Earlier this week a friend died in a climbing accident. He wasn’t just another regular bloke hanging off vertical walls. He was a master of his game, as badass as they come, yet he died. His safety system had perhaps failed or perhaps the rock upon which he rested came off. We would never know; he was climbing free-solo, risking his life to a level unacceptable to most. It’s the level where there is absolutely no room for error, subjective or objective. It doesn’t matter whether you failed or the mountain failed; ultimately it’s the climber who is lying dead at the bottom. And this incident jolted me out of a falsified dream I have been living through most of my adult life. It wasn’t his death that did this but the possibility that if he hadn’t died; then what?

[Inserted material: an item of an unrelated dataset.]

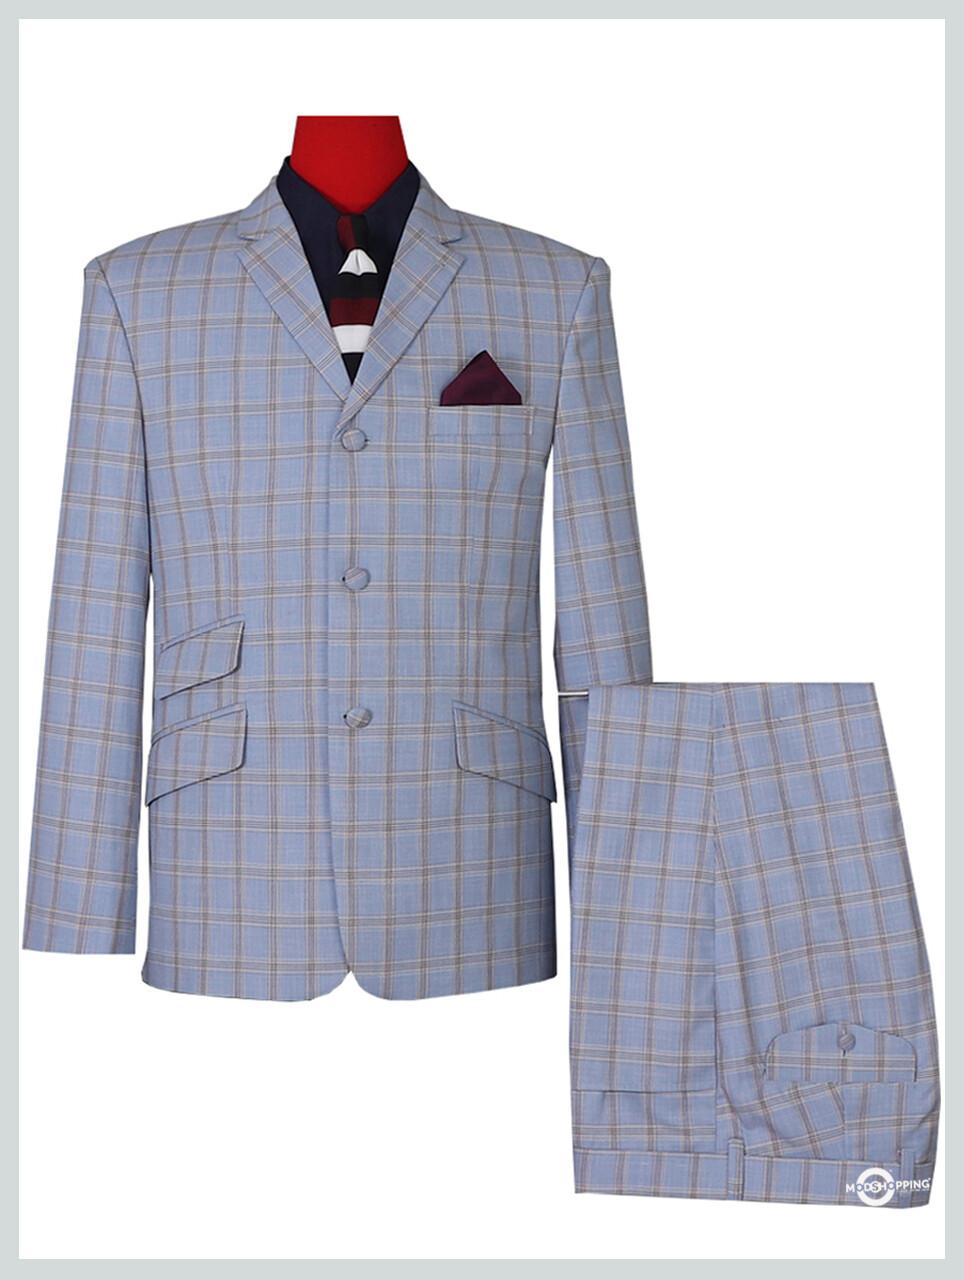 Sky Windowpane Check Mod Suit Vintage Style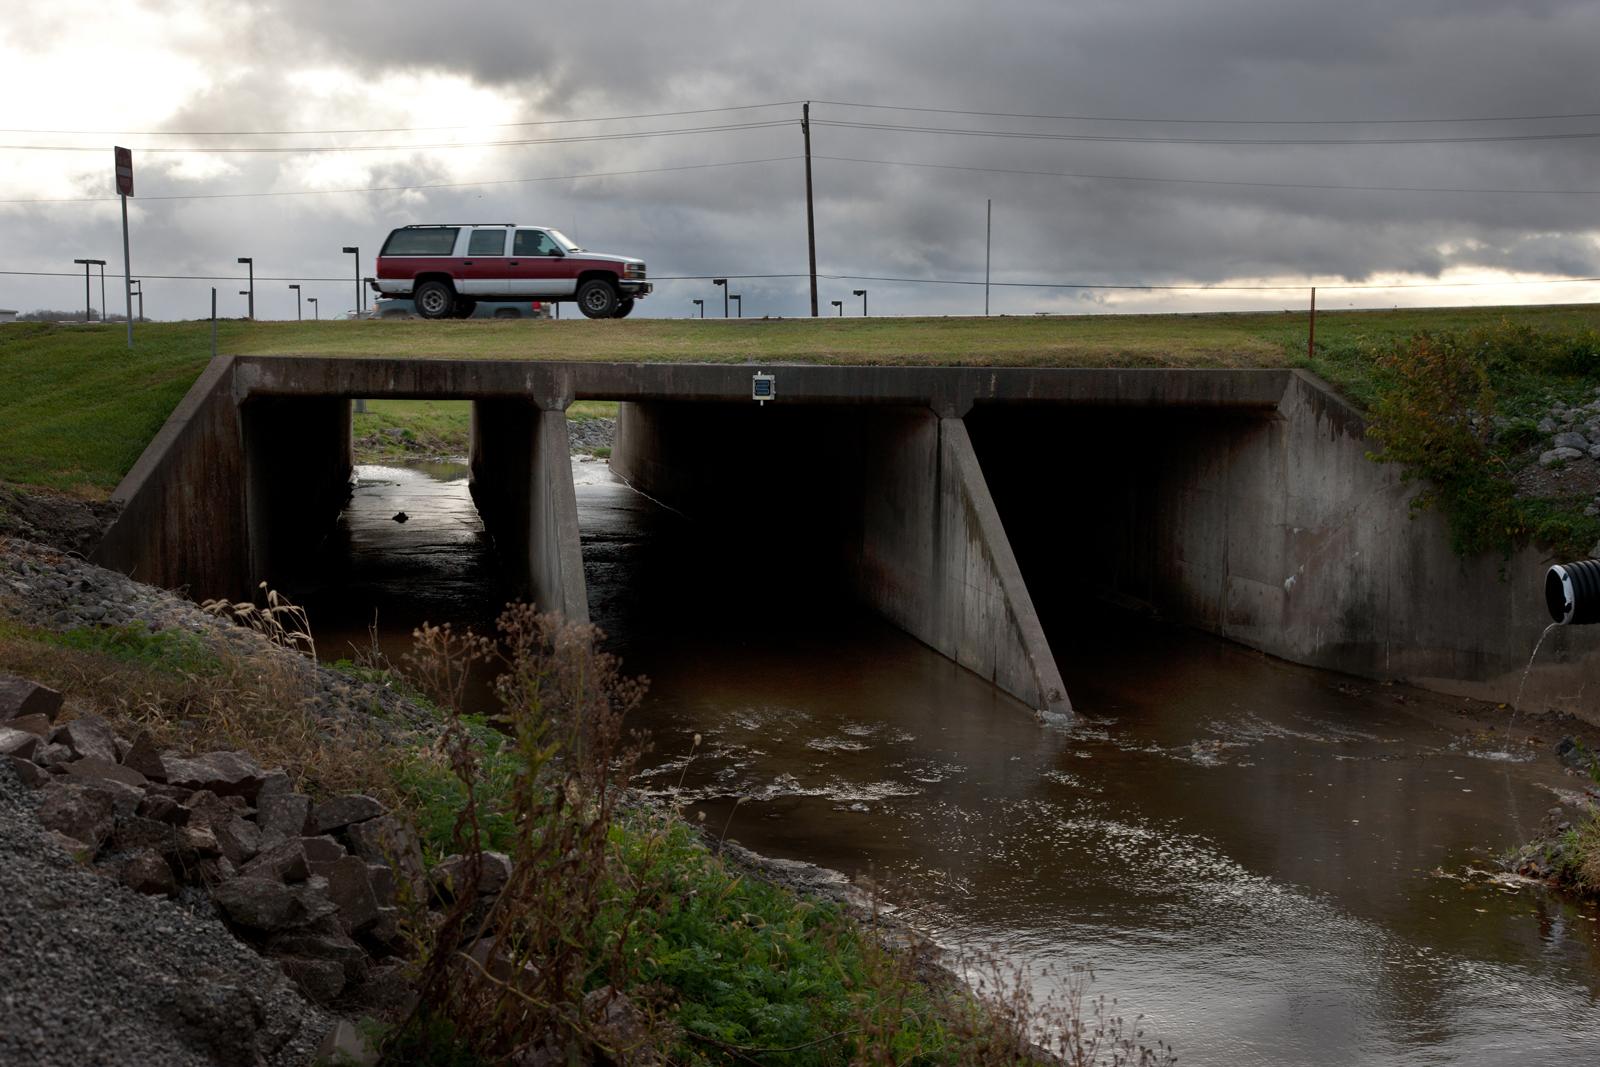 A SUV parked on a bridge.

I am a firm believer of destiny in matter of death. It is already destined by some divine power or yet unexplained scientific phenomenon that our time and date of death is fixed and nothing can change it. What isn’t determined though is the methodology and location; which we can influence by our actions through life. I don’t mind dying at all, either today, tomorrow or in the next twenty years. And if I die upon a mountain then that would be my absolute achievement in a self-fulfilling prophecy. What I do mind though that I am involved in a major accident and I don’t die. What if that day is not my destiny to die, yet I am involved in such a major accident that paralyzes me for the rest of my life or bereft me of any body part, vision, or any major functional organ; or leaves me brain dead. A sorry pitiable vegetable of human form dependent upon others for even a tiny bit of sustenance. Now that’s the kind of life I am absolutely not ready to accept.
Death is destined, accidents are not.